Sì, è vero che «il Vangelo ricorda che chi è chiamato a dare testimonianza della Risurrezione di Cristo deve lui stesso, in prima persona, “nascere dall’alto”», ma quello di cui c’è bisogno sono «preti normali, semplici, miti, equilibrati, capaci di lasciarsi costantemente rigenerare dallo Spirito, docili alla sua forza, interiormente liberi - anzitutto da sé stessi - perché mossi dal “vento” dello Spirito che soffia dove vuole», sottolinea Bergoglio durante la messa a culmine del secondo incontro a Roma dei Missionari organizzato dal Pontificio Consiglio per la Promozione della nuova Evangelizzazione dall’8 all’11 aprile.

Il Papa aveva già ricevuto questa mattina, nella Sala Regia del Palazzo Apostolico, i sacerdoti venuti da tutti e cinque i continenti in udienza privata. Incontrandoli di nuovo in Basilica ricorda loro «due aspetti inseparabili» di questa speciale missione affidatagli due anni fa e prorogata anche dopo la fine del Giubileo: «la rinascita personale e la vita della comunità». Cioè il mettersi «al servizio delle persone, perché “rinascano dall’alto”», e «al servizio delle comunità, perché vivano con gioia e coerenza il comandamento dell’amore». In queste due direzioni deve muoversi il ministero di questi “agenti” della Misericordia.

Riguardo al primo punto, il Pontefice ammonisce a non diventare come «Nicodemo che, pur essendo maestro in Israele, non capiva le parole di Gesù quando diceva che per “vedere il regno di Dio” bisogna “nascere dall’alto”, nascere “da acqua e Spirito”. Nicodemo - evidenzia il Papa - non capiva la logica di Dio, che è la logica della grazia, della misericordia, per cui chi diventa piccolo è grande, chi diventa ultimo è primo, chi si riconosce malato viene guarito. Questo significa lasciare veramente il primato al Padre, a Gesù e allo Spirito Santo nella nostra vita».
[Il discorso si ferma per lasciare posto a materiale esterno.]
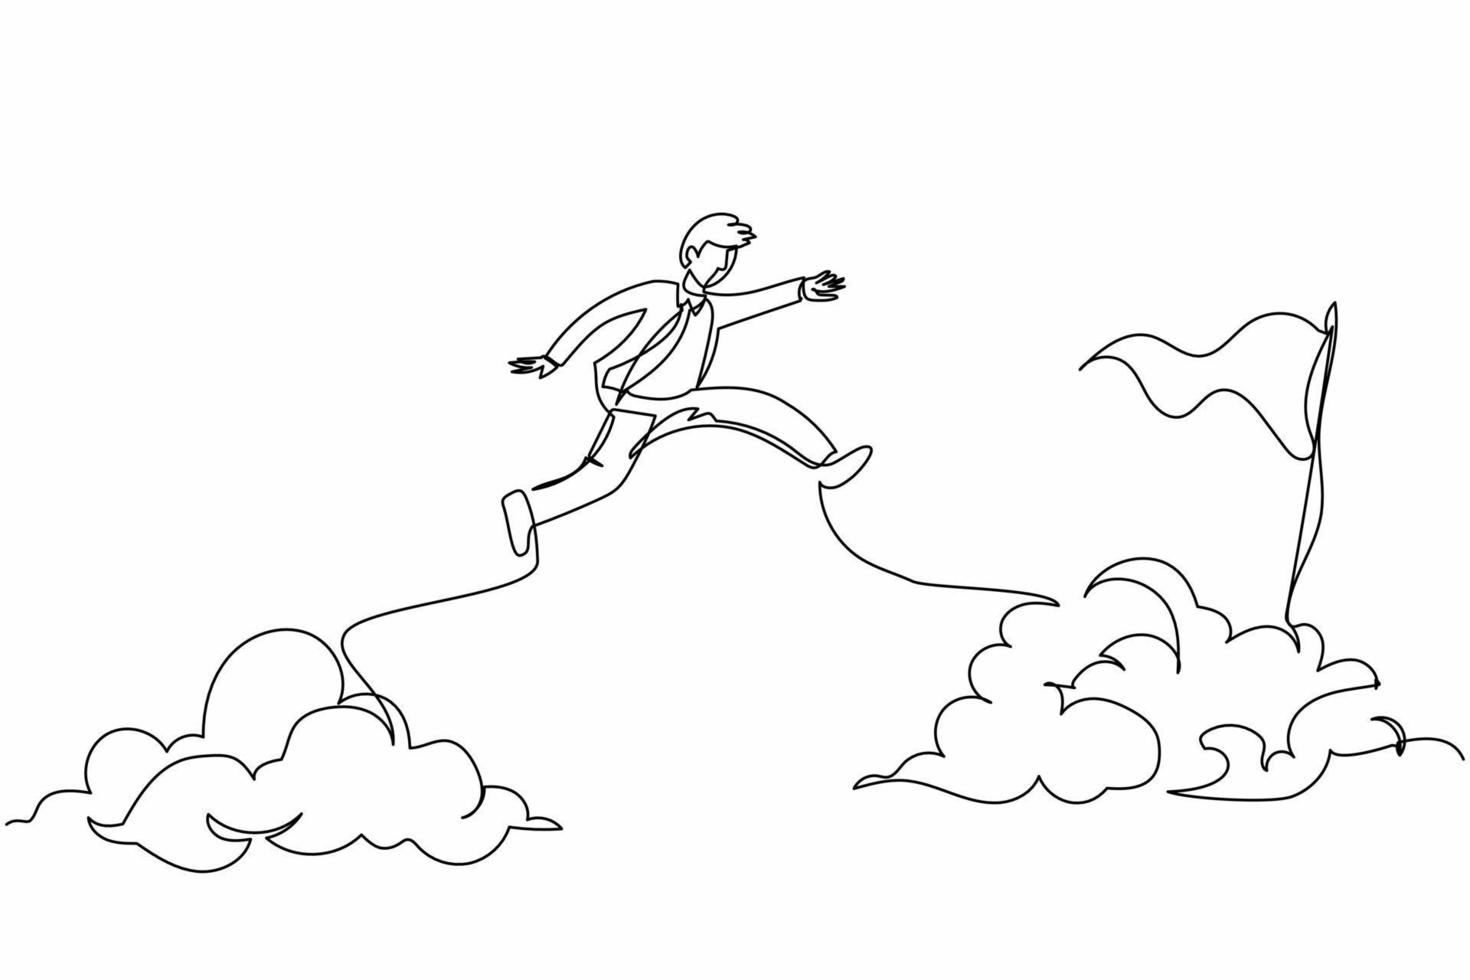 dibujo continuo de una línea hombre de negocios activo salta o salta sobre las nubes para alcanzar su objetivo o bandera de éxito. desafiar su trayectoria profesional. tomando un riesgo. ilustración gráfica de vector de diseño de dibujo de una sola línea

Da questa consapevolezza scaturisce la seconda indicazione di Francesco riguardo al servizio alla comunità: «Essere preti capaci di “innalzare” nel “deserto” del mondo il segno della salvezza, cioè la Croce di Cristo, come fonte di conversione e di rinnovamento per tutta la comunità e per il mondo stesso». «Il Signore morto e risorto è la forza che crea la comunione nella Chiesa e, tramite la Chiesa, nell’intera umanità», sottolinea Francesco. Comunione che si era manifestata secoli fa nella comunità di Gerusalemme dove i credenti vivevano con «un cuore solo e un’anima sola», condividendo i beni e non lasciando mai nessuno nel bisogno.

Uno stile di vita, questo, che era «contagioso verso l’esterno», osserva il Papa: «La presenza viva del Signore Risorto produce una forza di attrazione che, attraverso la testimonianza della Chiesa e attraverso le diverse forme di annuncio della Buona Notizia, tende a raggiungere tutti, nessuno escluso». In tale dinamismo deve inserirsi lo specifico ministero dei Missionari della Misericordia, perché - rimarca Papa Francesco - «sia la Chiesa sia il mondo di oggi hanno particolarmente bisogno della Misericordia perché l’unità voluta da Dio in Cristo prevalga sull’azione negativa del maligno che approfitta di tanti mezzi attuali, in sé buoni, ma che, usati male, invece di unire dividono».

«Noi - conclude il Papa citando la sua Evangelii Gaudium - siamo convinti che “l’unità è superiore al conflitto”, ma sappiamo anche che senza la Misericordia questo principio non ha la forza di attuarsi nel concreto della vita e della storia».